This is an excerpt from the bestselling book
Oracle Grid & Real Application Clusters. To get immediate
access to the code depot of working RAC scripts, buy it
directly from the publisher and save more than 30%.
Most of the events reported in
the dynamic performance views or in a STATSPACK report that show a
high total time are actually normal. However, if monitored response
times increase and the STATSPACK report shows a high proportion of
wait time for cluster accesses, the cause of these waits needs to be
determined. STATSPACK reports provide a breakdown of the wait
events, with the five highest values sorted by percentages. The
following specific RAC-related events should be monitored:
* global cache open s: A block
* global cache open x: A block
was selected for IUD.
* global cache null to s: A
block was transferred for SELECT.
* global cache null to x: A
block was transferred for IUD.
* global cache cr request: A
block was requested transferred for consistent read purposes.
* Global Cache Service
Utilization for Logical Reads.
The following sections will
provide more information on these events to help show why they are
important to monitor.
The global cache open s and
global cache open x Events
The initial access of a
particular data block by an instance generates these events. The
duration of the wait should be short, and the completion of the wait
is most likely followed by a read from disk. This wait is a result
of the blocks that are being requested and not being cached in any
instance in the cluster database. This necessitates a disk read.

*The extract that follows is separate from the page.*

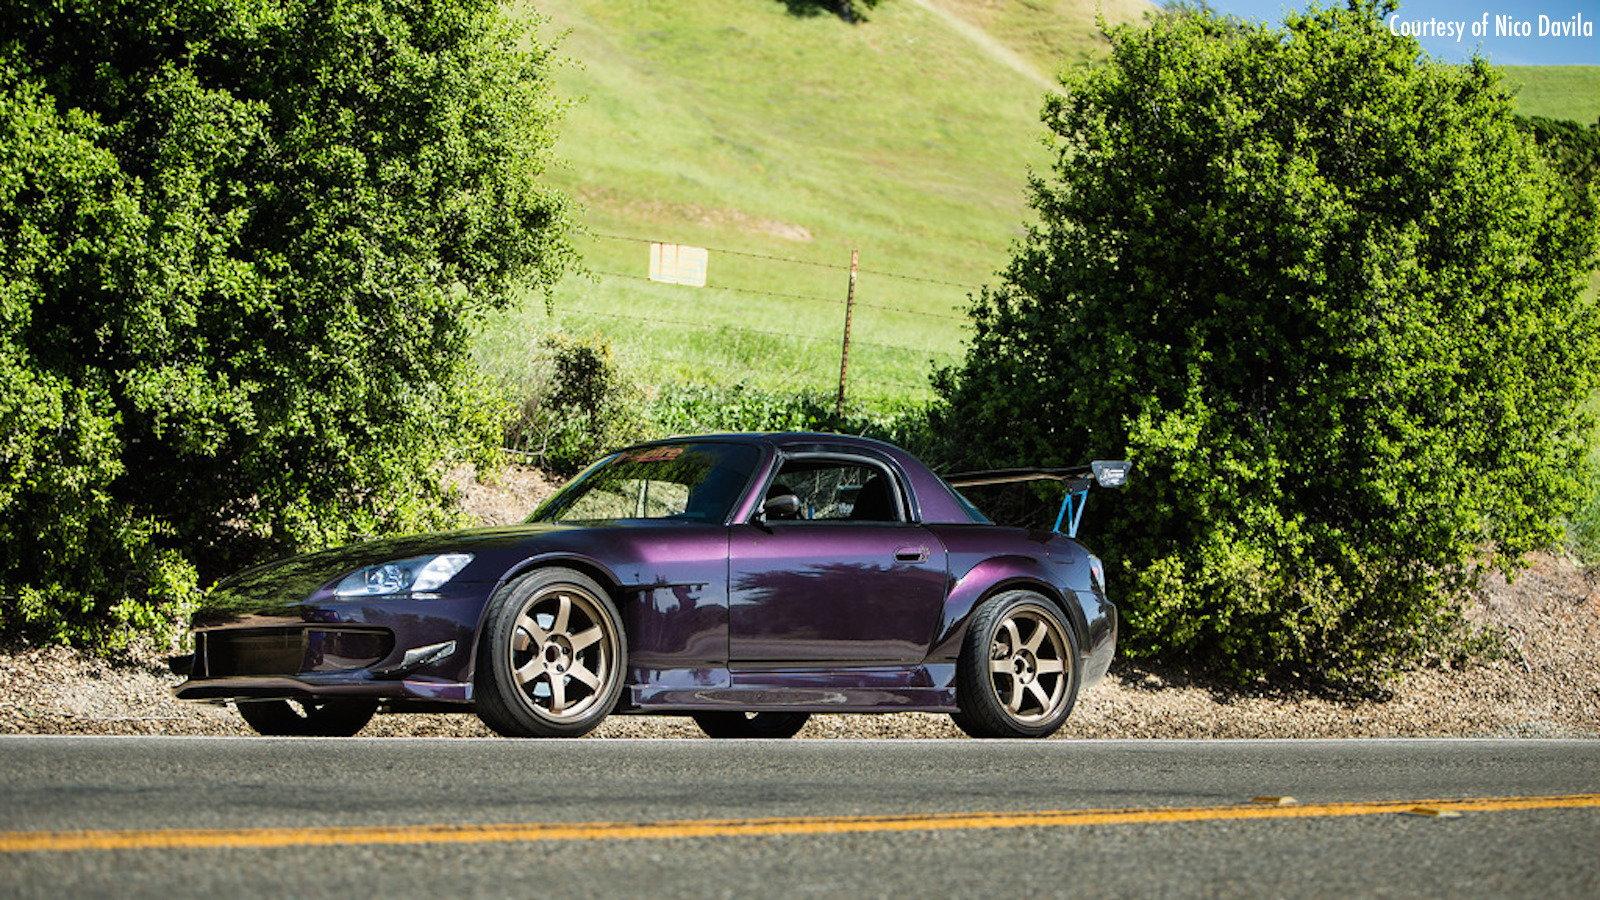 Neeekd's GTR Purple

When these events are associated
with high totals or high per-transaction wait times, it is likely
that data blocks are not cached in the local instance and that the
blocks cannot be obtained from another instance, which results in a
disk read. At the same time, suboptimal buffer cache hit ratios may
also be observed. Unfortunately, other than preloading heavily used
tables into the buffer caches, there is little that can be done
about this type of wait event.
The global cache null to s
and global cache null to x Events
These events are generated by
inter-instance block ping across the network. Inter-instance block
ping is when two instances exchange the same block back and forth.
Processes waiting for global cache null to s events are waiting for
a block to be transferred from the instance that last changed it.
When one instance repeatedly requests cached data blocks from the
other RAC instances, these events consume a greater proportion of
the total wait time. The only method for reducing these events is to
reduce the number of rows per block to eliminate the need for block
swapping between two instances in the RAC cluster.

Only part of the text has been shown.